## ACTION ITEM
Would you transcribe exactly the lines from the one containing "Cardmaking Madrid" to the last line of the data below, both ends included, but none of the pictures?

(Entries taken from a collection)
━━━━━━━━━━━━━━━━━━━━━━━━━━━━━━

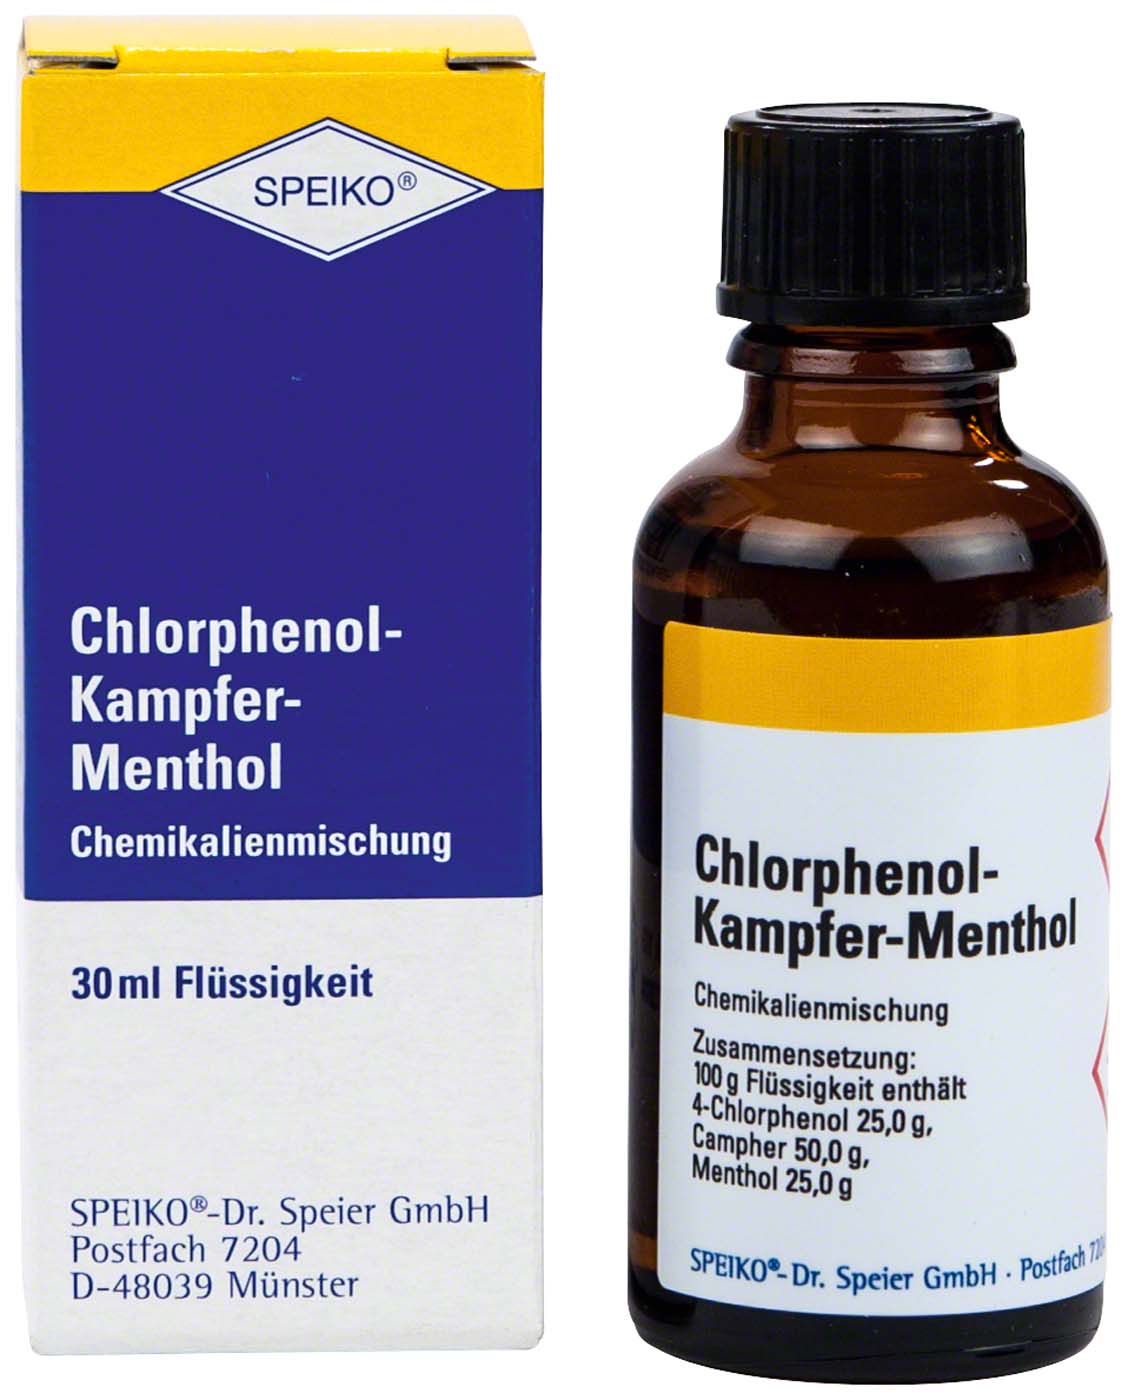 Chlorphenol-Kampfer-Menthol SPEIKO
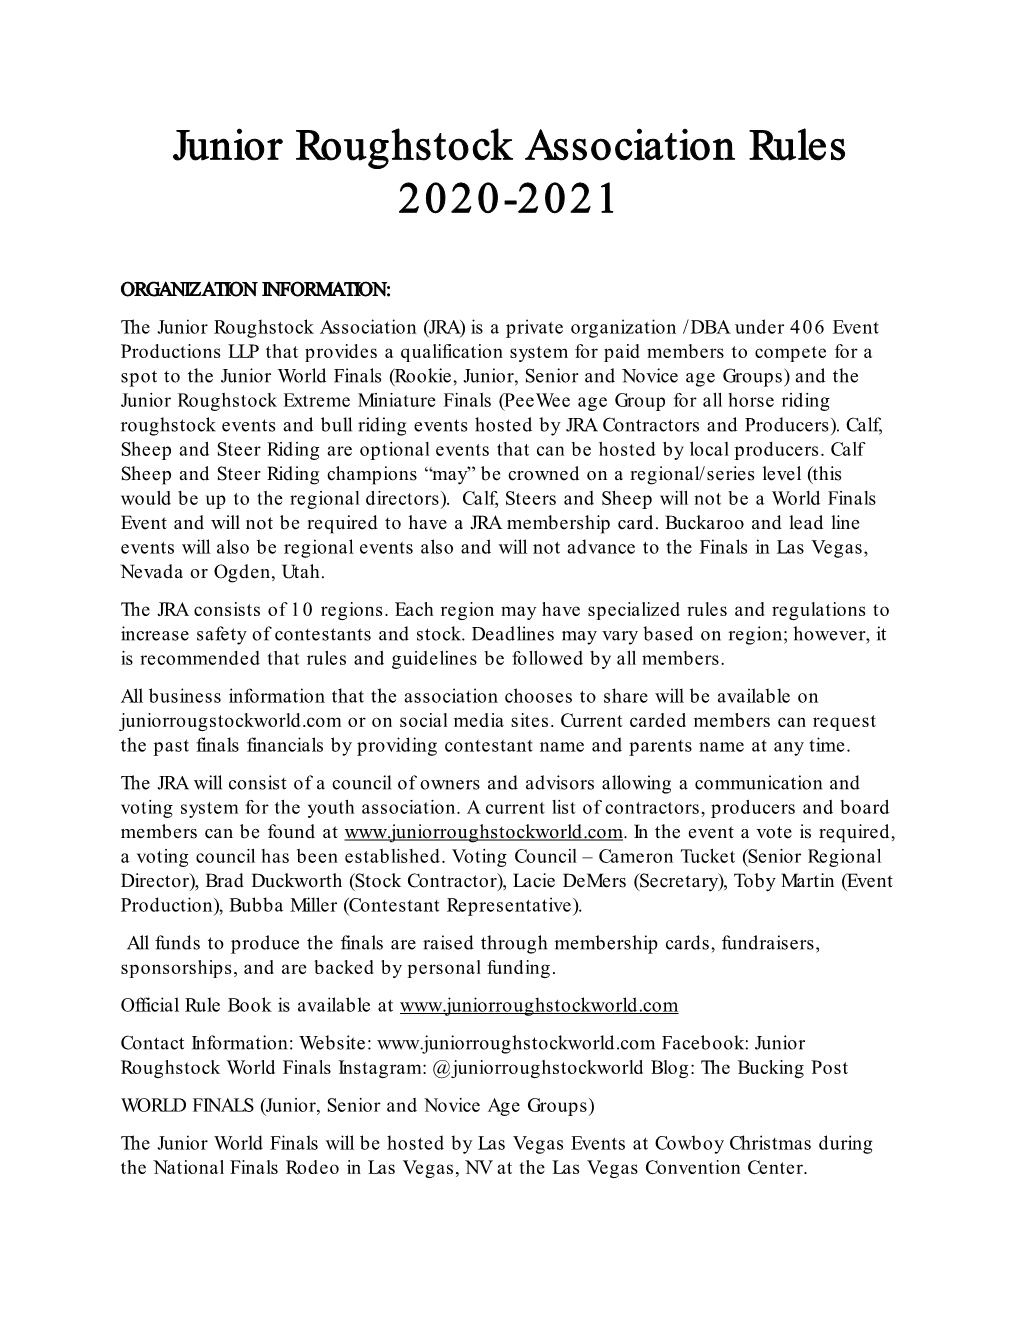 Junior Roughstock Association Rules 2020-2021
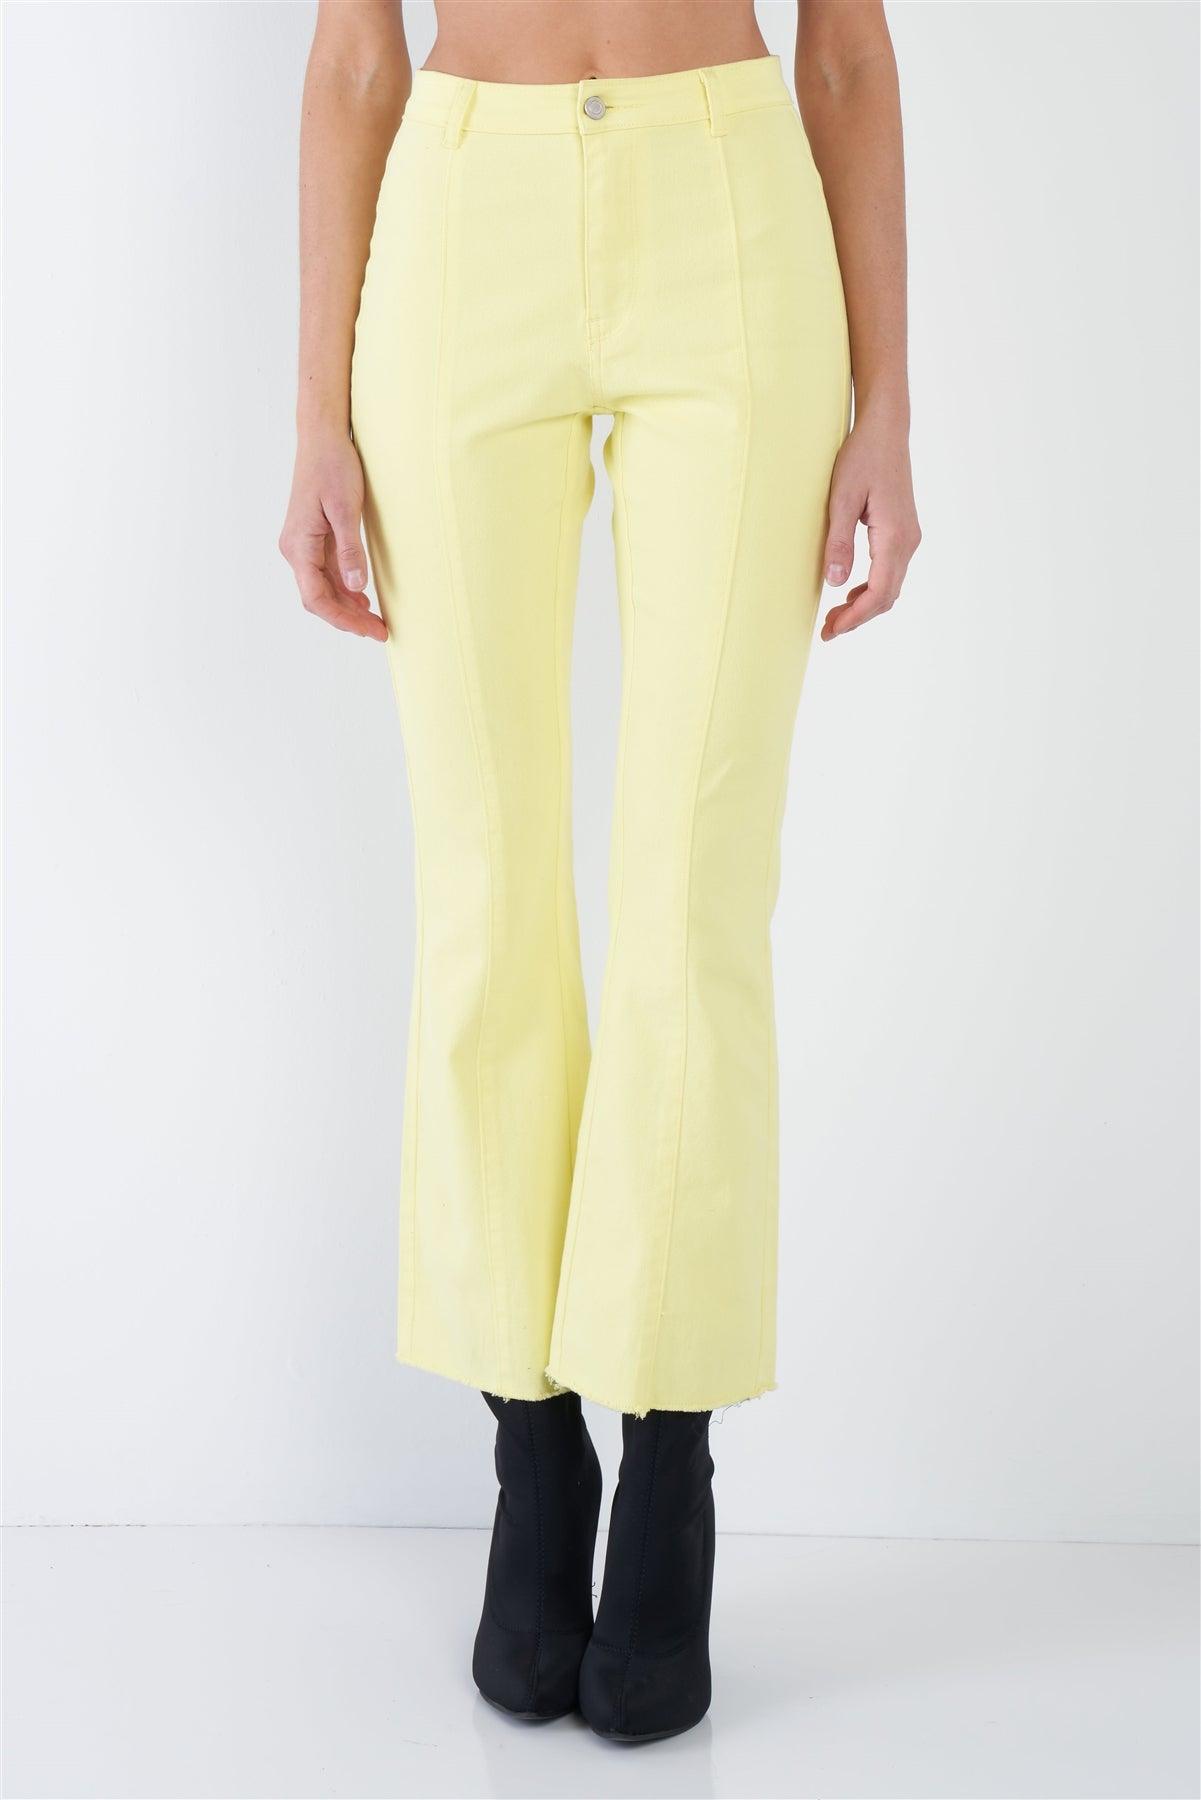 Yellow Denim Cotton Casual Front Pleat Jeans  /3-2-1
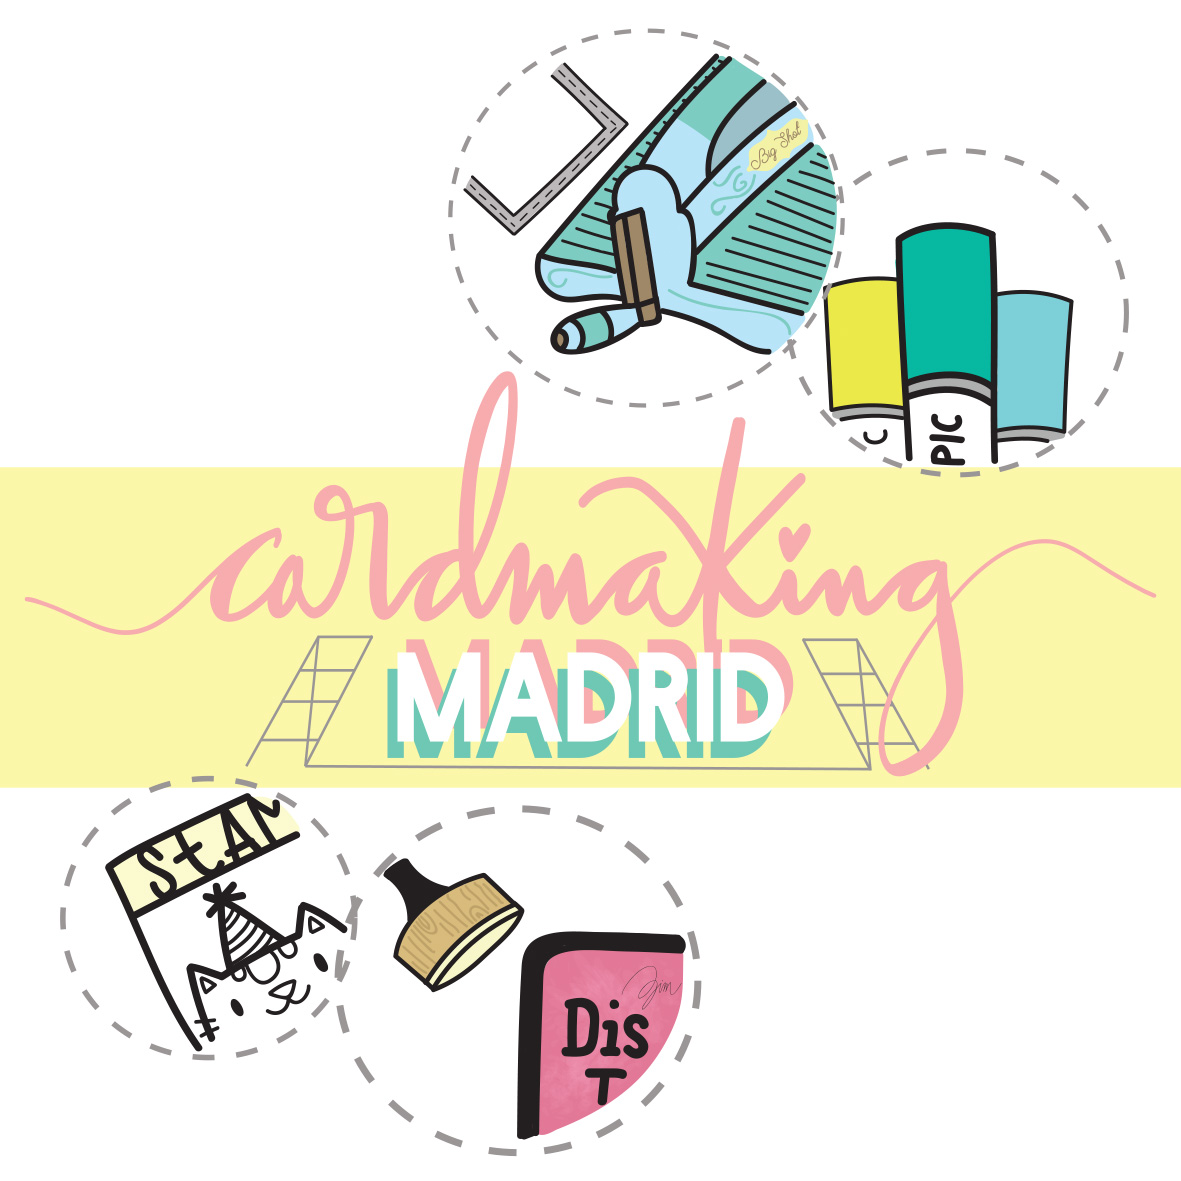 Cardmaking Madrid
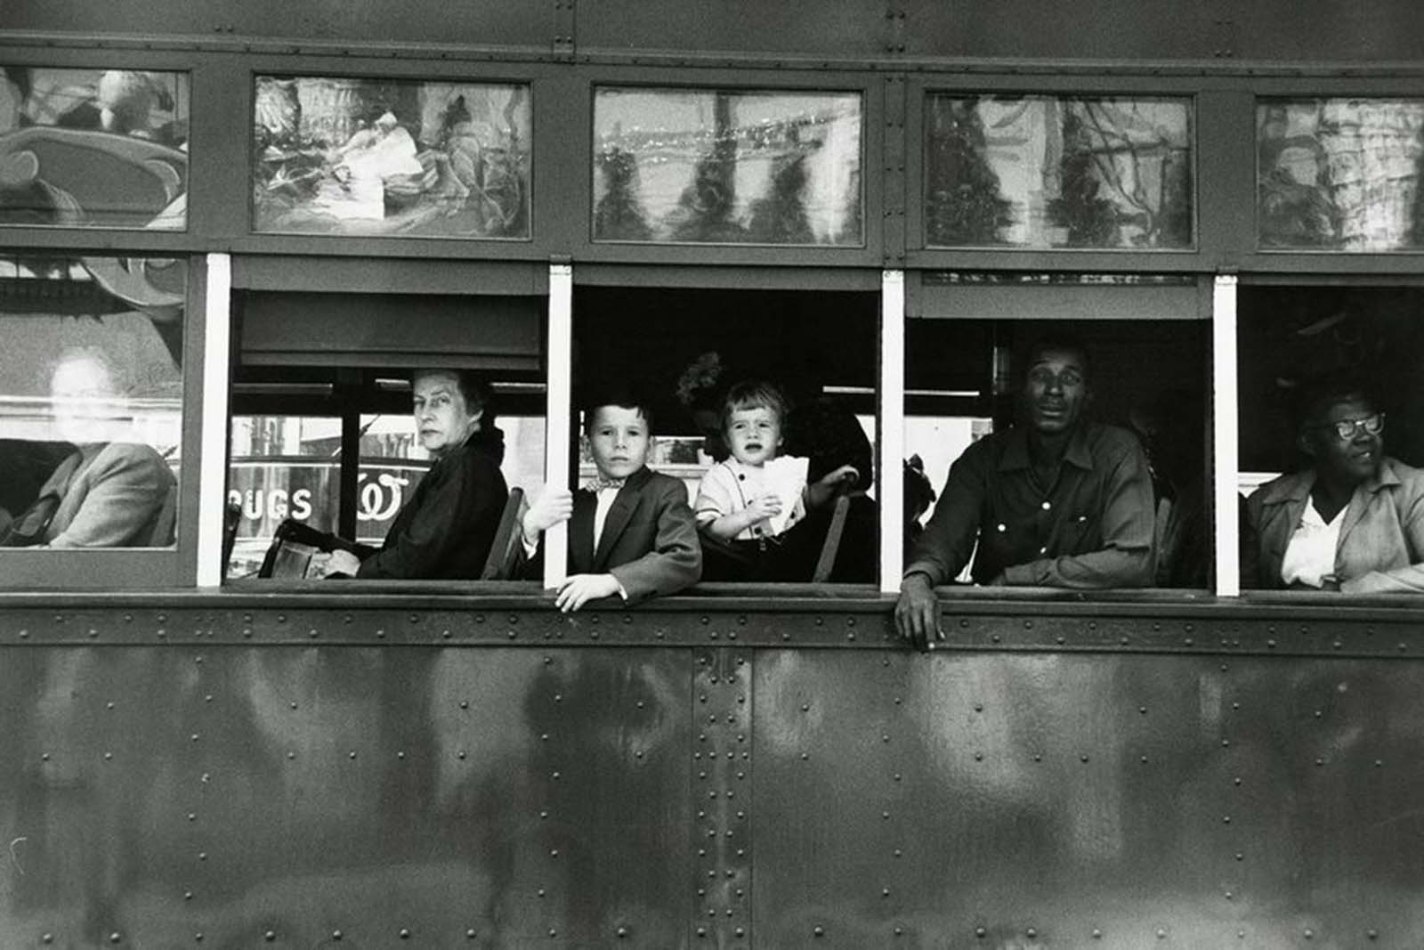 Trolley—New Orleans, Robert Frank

━━━━━━━━━━━━━━━━━━━━━━━━━━━━━━

## EXPECTED OUTPUT
 Cardmaking Madrid
 Trolley—New Orleans, Robert Frank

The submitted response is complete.